# Records provided
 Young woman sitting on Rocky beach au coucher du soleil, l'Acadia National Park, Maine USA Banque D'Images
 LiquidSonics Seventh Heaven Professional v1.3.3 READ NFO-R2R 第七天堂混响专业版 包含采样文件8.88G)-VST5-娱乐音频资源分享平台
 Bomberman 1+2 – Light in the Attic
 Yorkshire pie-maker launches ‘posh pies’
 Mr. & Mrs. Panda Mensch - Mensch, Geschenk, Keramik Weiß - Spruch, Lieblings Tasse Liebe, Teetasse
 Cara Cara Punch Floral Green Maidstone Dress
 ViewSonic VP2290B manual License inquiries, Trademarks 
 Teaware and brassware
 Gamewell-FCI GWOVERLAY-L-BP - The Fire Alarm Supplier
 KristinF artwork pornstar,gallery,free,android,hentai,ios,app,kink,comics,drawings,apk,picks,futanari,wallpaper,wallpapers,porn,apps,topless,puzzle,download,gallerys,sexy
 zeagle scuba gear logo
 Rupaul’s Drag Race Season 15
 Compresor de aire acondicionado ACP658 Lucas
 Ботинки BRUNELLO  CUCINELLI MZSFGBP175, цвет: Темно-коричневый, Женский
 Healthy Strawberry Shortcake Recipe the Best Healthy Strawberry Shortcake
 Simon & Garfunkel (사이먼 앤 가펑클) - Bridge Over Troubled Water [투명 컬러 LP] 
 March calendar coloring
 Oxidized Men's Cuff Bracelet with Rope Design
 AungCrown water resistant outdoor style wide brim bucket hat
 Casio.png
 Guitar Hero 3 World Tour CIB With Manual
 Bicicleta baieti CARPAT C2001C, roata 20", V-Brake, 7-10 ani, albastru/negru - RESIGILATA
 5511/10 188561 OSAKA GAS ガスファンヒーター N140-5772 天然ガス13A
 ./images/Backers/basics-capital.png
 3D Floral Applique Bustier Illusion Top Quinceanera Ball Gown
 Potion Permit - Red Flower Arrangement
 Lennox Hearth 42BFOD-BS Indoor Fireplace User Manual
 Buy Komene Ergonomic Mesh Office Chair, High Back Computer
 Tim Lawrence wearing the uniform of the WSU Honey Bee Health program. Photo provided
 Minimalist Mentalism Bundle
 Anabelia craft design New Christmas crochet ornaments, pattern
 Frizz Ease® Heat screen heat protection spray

# Problem description
Return the material above in full, word for word.

# Output of the exercise
 Young woman sitting on Rocky beach au coucher du soleil, l'Acadia National Park, Maine USA Banque D'Images
 LiquidSonics Seventh Heaven Professional v1.3.3 READ NFO-R2R 第七天堂混响专业版 包含采样文件8.88G)-VST5-娱乐音频资源分享平台
 Bomberman 1+2 – Light in the Attic
 Yorkshire pie-maker launches ‘posh pies’
 Mr. & Mrs. Panda Mensch - Mensch, Geschenk, Keramik Weiß - Spruch, Lieblings Tasse Liebe, Teetasse
 Cara Cara Punch Floral Green Maidstone Dress
 ViewSonic VP2290B manual License inquiries, Trademarks 
 Teaware and brassware
 Gamewell-FCI GWOVERLAY-L-BP - The Fire Alarm Supplier
 KristinF artwork pornstar,gallery,free,android,hentai,ios,app,kink,comics,drawings,apk,picks,futanari,wallpaper,wallpapers,porn,apps,topless,puzzle,download,gallerys,sexy
 zeagle scuba gear logo
 Rupaul’s Drag Race Season 15
 Compresor de aire acondicionado ACP658 Lucas
 Ботинки BRUNELLO  CUCINELLI MZSFGBP175, цвет: Темно-коричневый, Женский
 Healthy Strawberry Shortcake Recipe the Best Healthy Strawberry Shortcake
 Simon & Garfunkel (사이먼 앤 가펑클) - Bridge Over Troubled Water [투명 컬러 LP] 
 March calendar coloring
 Oxidized Men's Cuff Bracelet with Rope Design
 AungCrown water resistant outdoor style wide brim bucket hat
 Casio.png
 Guitar Hero 3 World Tour CIB With Manual
 Bicicleta baieti CARPAT C2001C, roata 20", V-Brake, 7-10 ani, albastru/negru - RESIGILATA
 5511/10 188561 OSAKA GAS ガスファンヒーター N140-5772 天然ガス13A
 ./images/Backers/basics-capital.png
 3D Floral Applique Bustier Illusion Top Quinceanera Ball Gown
 Potion Permit - Red Flower Arrangement
 Lennox Hearth 42BFOD-BS Indoor Fireplace User Manual
 Buy Komene Ergonomic Mesh Office Chair, High Back Computer
 Tim Lawrence wearing the uniform of the WSU Honey Bee Health program. Photo provided
 Minimalist Mentalism Bundle
 Anabelia craft design New Christmas crochet ornaments, pattern
 Frizz Ease® Heat screen heat protection spray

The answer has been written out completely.